Hello containerd 2.1

containerd 2.1 is here! Delivering new features and improvements, this release also launches our new six-month cadence – just half a year after containerd 2.0.

Features and enhancements

The release notes have the complete rundown, but these are the standouts for me:

• Easier Large Dataset Management in Kubernetes with OCI Image Volumes: Now you can use OCI images directly as volumes for your pods. This simplifies distributing large datasets by keeping them separate from your application’s main image. Why this is a big deal:

  • Streamlined Credentials & Storage: Access data using the same registry and credentials you already use for your container images – no need for a separate storage solution.
  • Efficient Data Access (Lazy Loading): Built on containerd’s snapshotter extension point, this allows for “on-demand” data loading with lazy-loading implementations like stargz-snapshotter and (and GKE image streaming, once containerd 2.1 becomes available in GKE), improving startup times. (Disclosure: I am a Google employee working on GKE.)

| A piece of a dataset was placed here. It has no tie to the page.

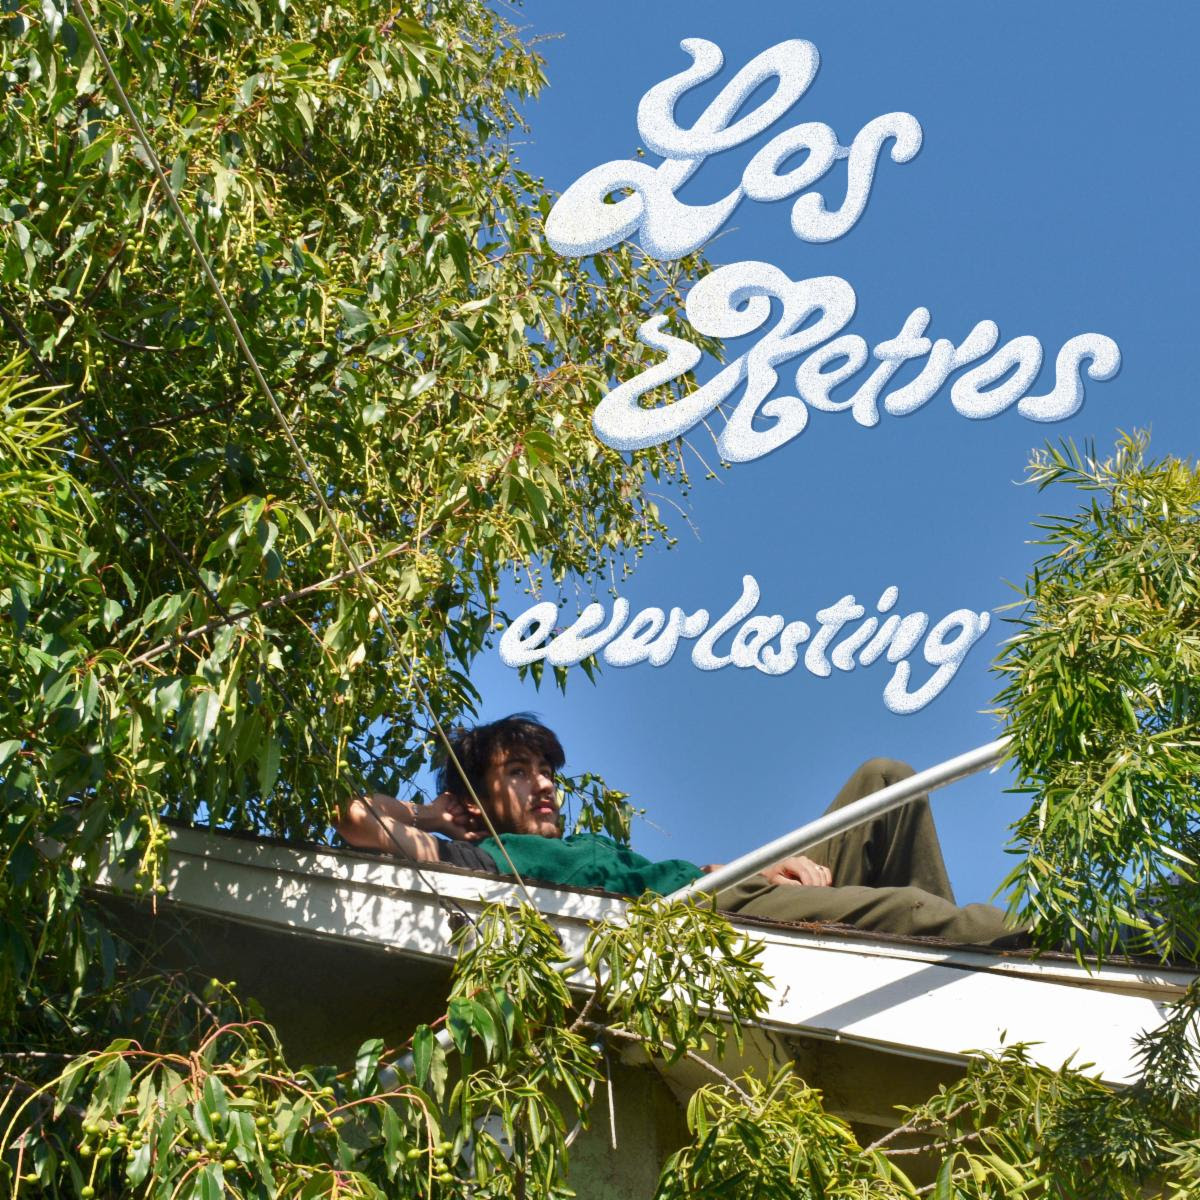 Los Retros announces his new EP Everlasting

• Transfer Service Now Default for CRI Image Pulls: In containerd 2.1, the CRI plugin defaults to using the transfer service. This change integrates the streamlined image pull mechanisms introduced in containerd 2.0 directly into the Kubernetes runtime interface. This update also lays the groundwork for features like image verifier plugins to be used with Kubernetes. (Please note some limitations, detailed in the documentation).

• Faster Image Downloads: containerd 2.1 speeds up the download of large container images using multiple simultaneous HTTP range requests to fetch different parts of an image layer at once.

• EROFS snapshotter - EROFS is a filesystem optimized for fast read-only operations and is a good fit for container images.

• Writable cgroups for unprivileged containers - Unprivileged containers can now manage cgroups and further divide their resources among internal child processes. This option is not enabled by default but can be enabled in the CRI plugin configuration.

Feature removals

containerd 2.1 completes the deprecation of two features which were highlighted in our containerd 2.0 release. These are:

1. Schema 1 images - This old format of Docker images was deprecated in containerd 1.7 and disabled by default in containerd 2.0. Schema 1 images are now fully unsupported in containerd 2.1; users should migrate to OCI images or Docker schema 2 images.
2. Go-plugin library (.so) runtime plugins - This feature was added based on Go’s support for building .so libraries on Linux. Unfortunately, these were extremely difficult to build and run correctly, and the maintainers have had no evidence of community use. This feature was deprecated in containerd 2.0 and is now removed.

New release cadence

To better serve the wider container ecosystem, we’ve adopted a predictable, six-month release cadence for containerd. This shift is a direct result of our maintainer summit in January, where we reflected on the 2.0 release and discussed containerd’s crucial role. We concluded that our previous strategy of releasing based on feature completion created uncertainty around release timing, making it challenging for the community to plan and integrate with containerd. This new time-based approach directly addresses these concerns, promoting easier adoption and greater reliability for everyone using containerd.